SYDNEY - A powerful 7.3-magnitude earthquake struck off Papua New Guinea on Friday, US officials said, but no Pacific-wide tsunami warning was sounded.
The US Geological Survey said the quake hit at an estimated depth of 54 kilometres (34 miles) at around the same distance west of the town of Panguna on the remote and volcanic Bougainville island.
Geoscience Australia estimated the quake at 7.4 magnitude and said the tremor, which hit close to the neighbouring Solomon Islands, was believed to be in the "shallow" range.
"They would have gotten a strong shake across the island, and there's the possibility of some damage," David Jepsen from Geoscience Australia told AFP.
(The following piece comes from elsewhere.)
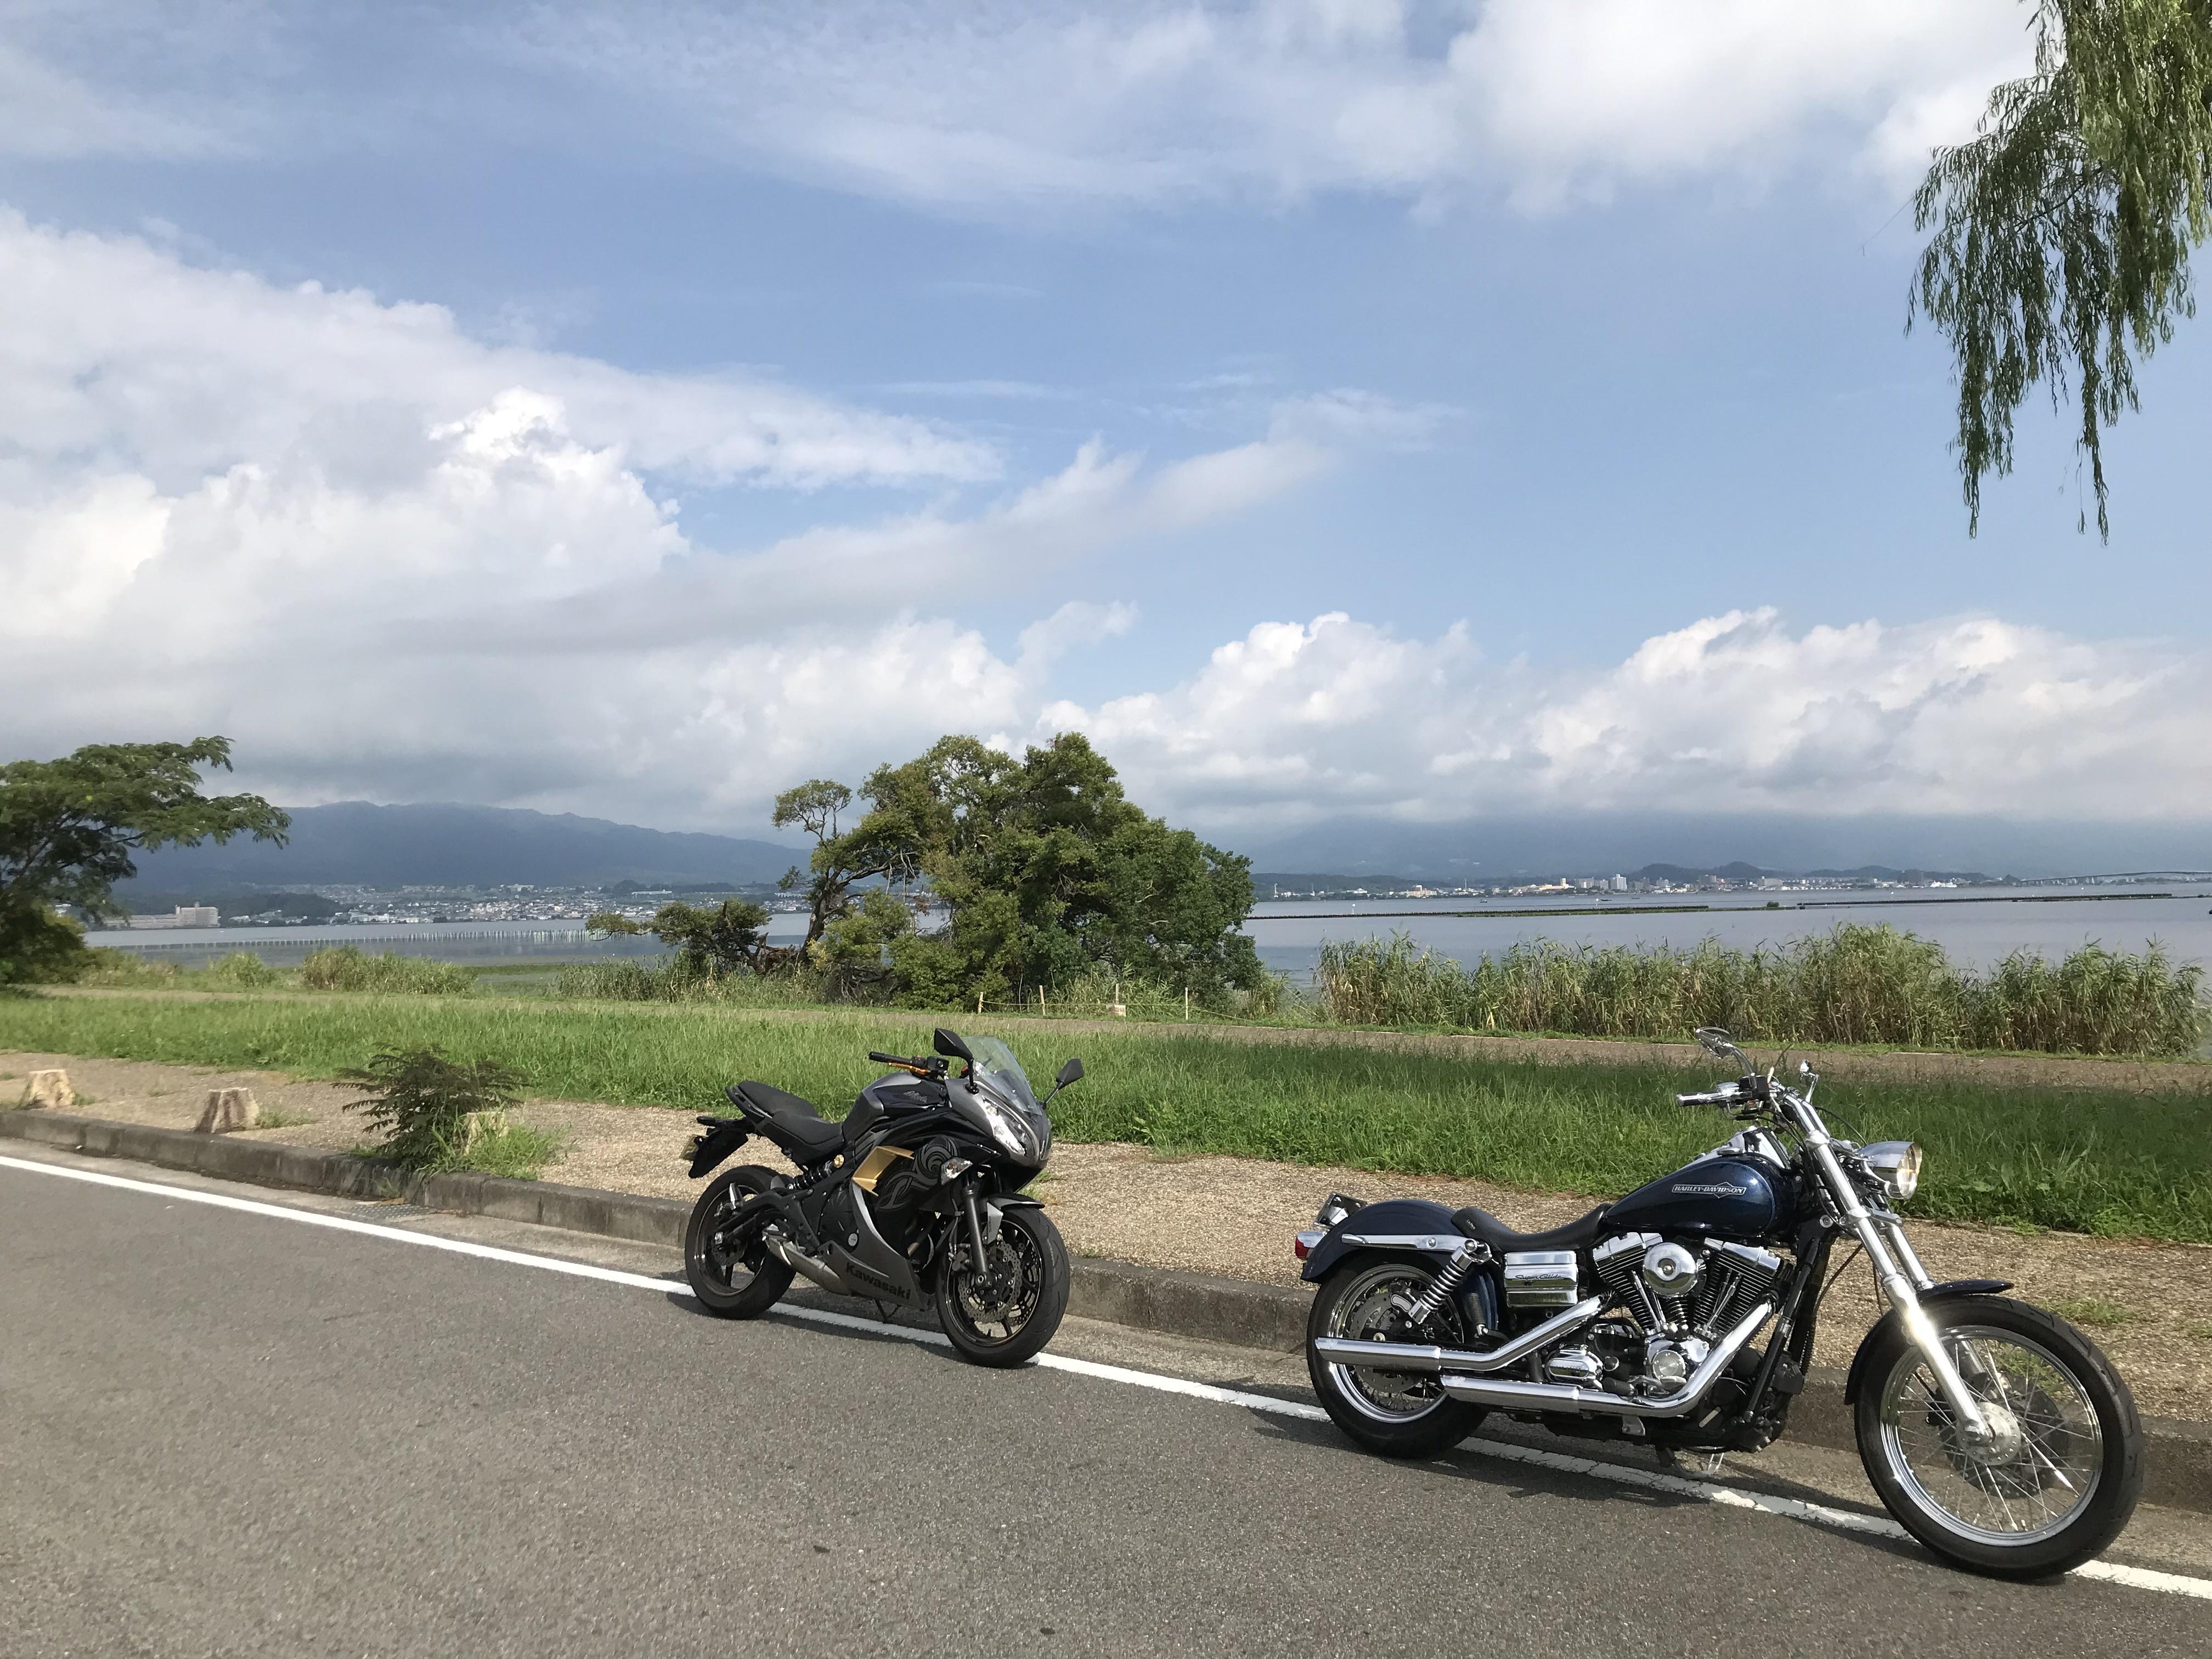 motorcycle-touring-oumihatiman-sazanammi-roadway.jpg

The Hawaii-based Pacific Tsunami Warning Center ruled out the threat of a Pacific-wide destructive tsunami but Jepsen cautioned that there was a "possibility of a local tsunami" in PNG.
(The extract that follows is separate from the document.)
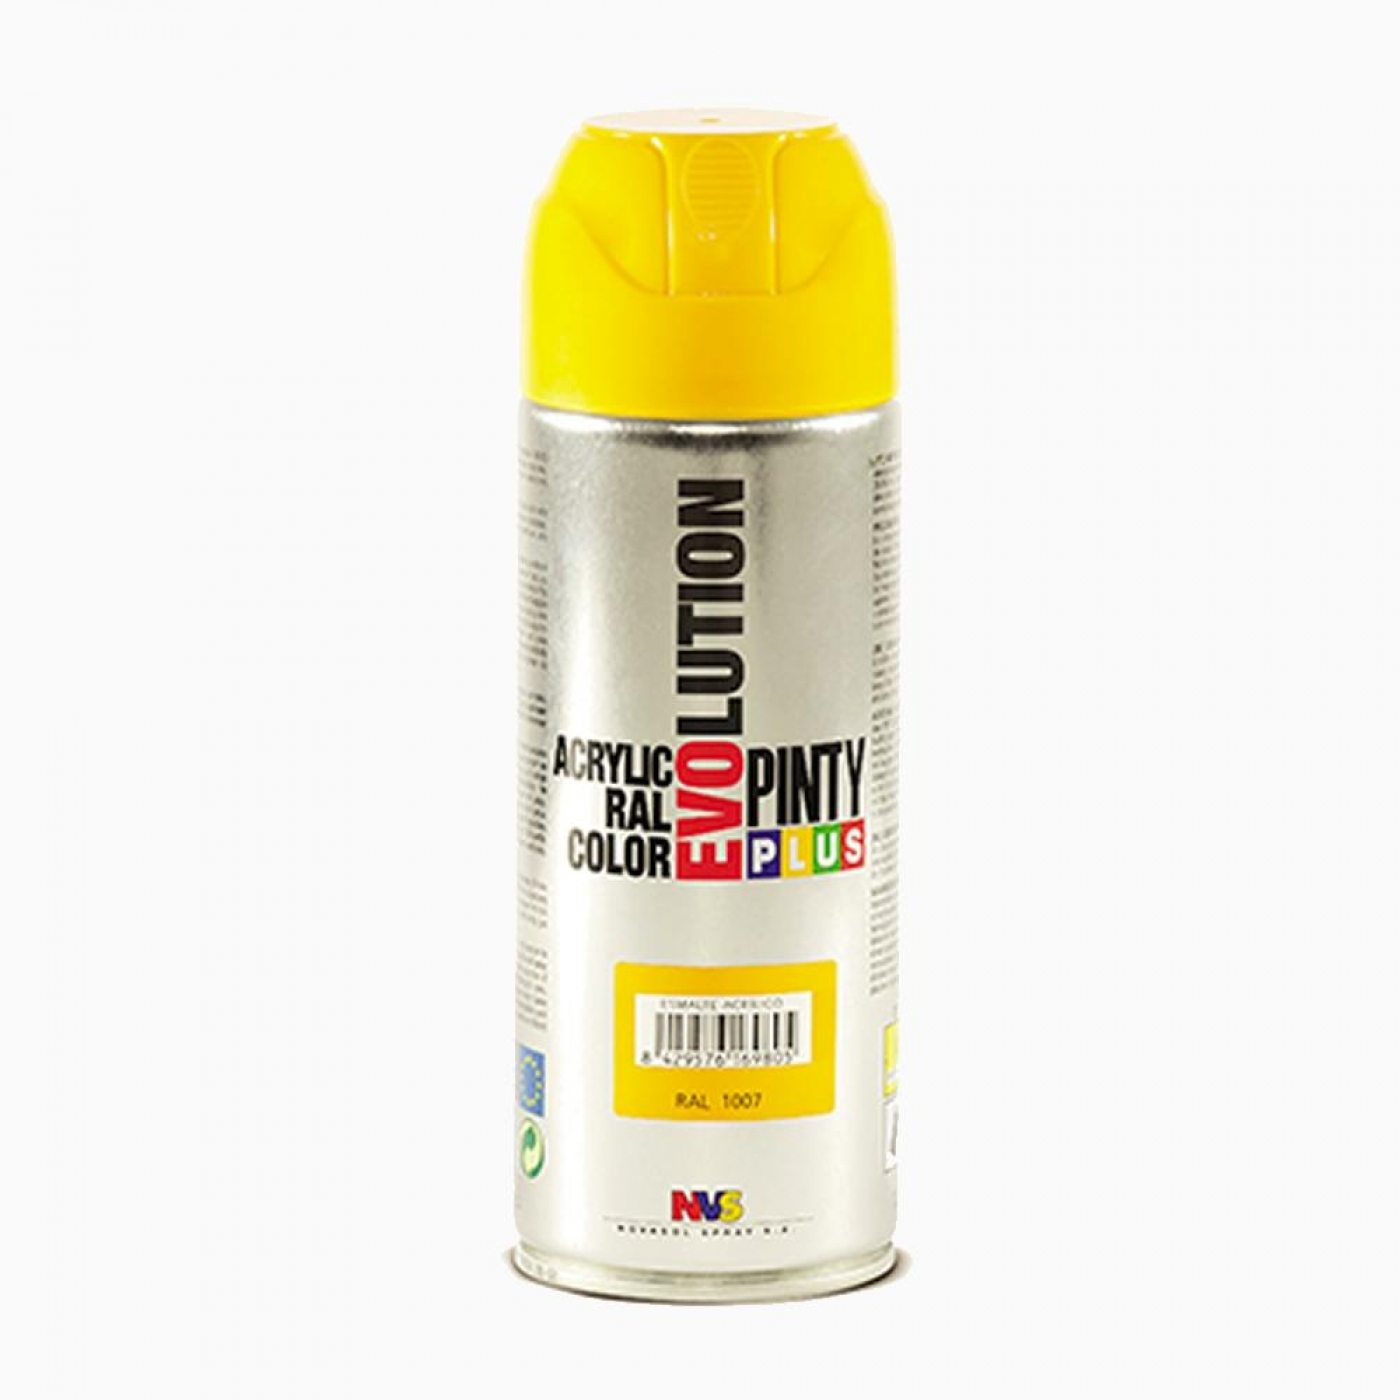 Pintura en spray evolution barniz 400 ml por 4 95 en - Spray pintura acrilica ...

Jepsen said while the quake was "pretty substantial", the depth could not be accurately defined except that it was under 50 kilometres.
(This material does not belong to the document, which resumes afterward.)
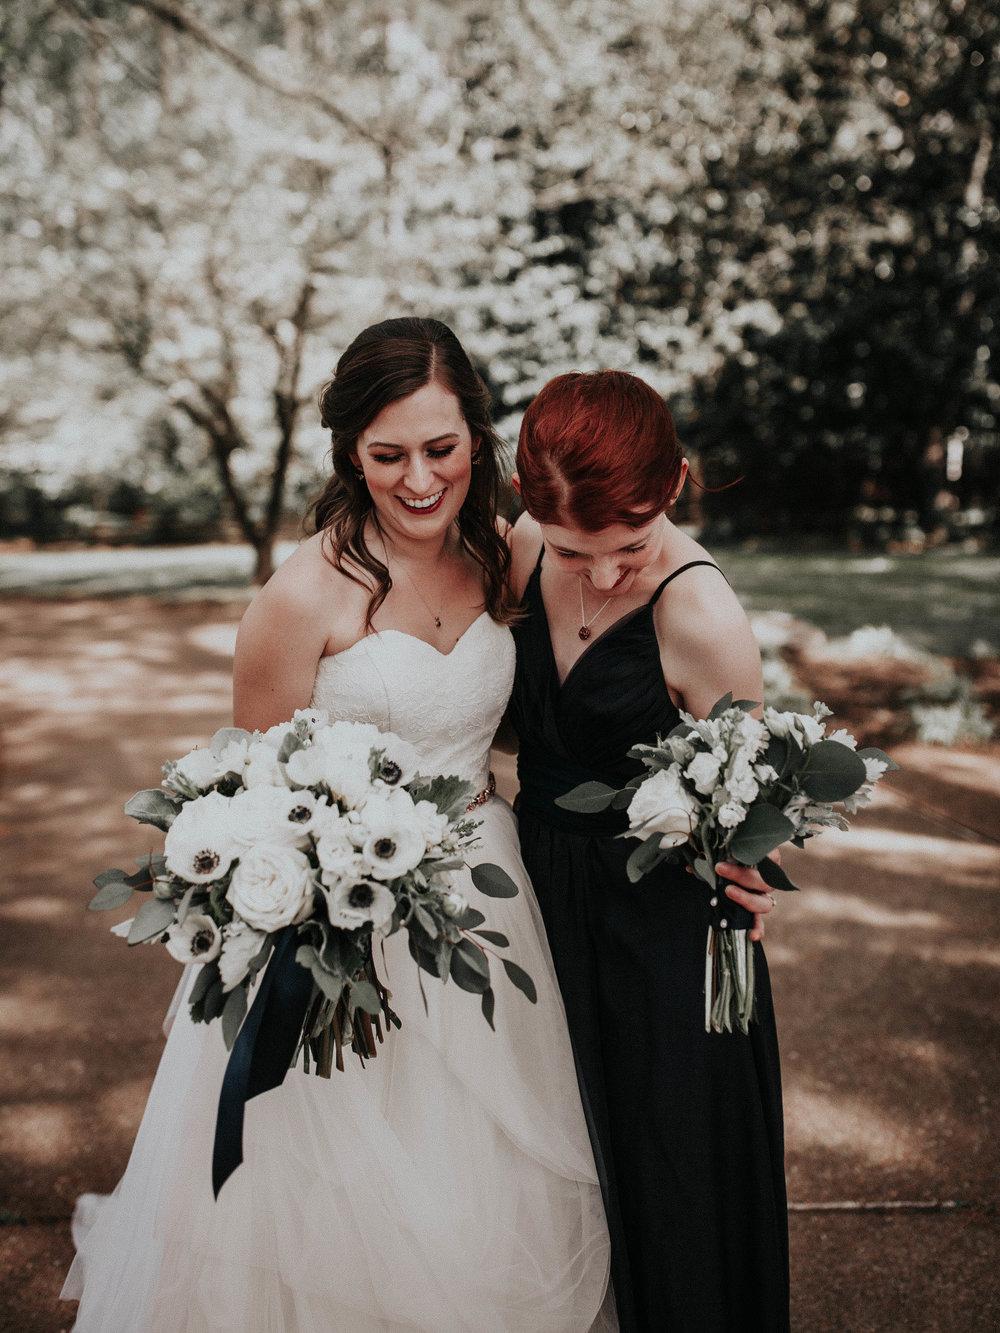 Adam_and_Hannah_Wedding_CharisLauren__5030.jpg

"If it's really shallow like 10 (kilometres deep), there's more possibility of (local) tsunami," he said.
Quakes of such magnitude are common in the island nation, which sits on the so-called Pacific "Ring of Fire", a hotspot for seismic activity due to friction between tectonic plates.
In October, a 7.1-magnitude quake struck in the same area -- around 65 kilometres west of Panguna.
In February 2013 the remote town of Lata in the Solomons was hit by a devastating tsunami after an 8.0-magnitude earthquake. The tsunami left at least 10 people dead, destroyed hundreds of homes and left thousands of people homeless.
In 2007 a tsunami following an 8.0-magnitude earthquake killed at least 52 people in the Solomons and left thousands homeless.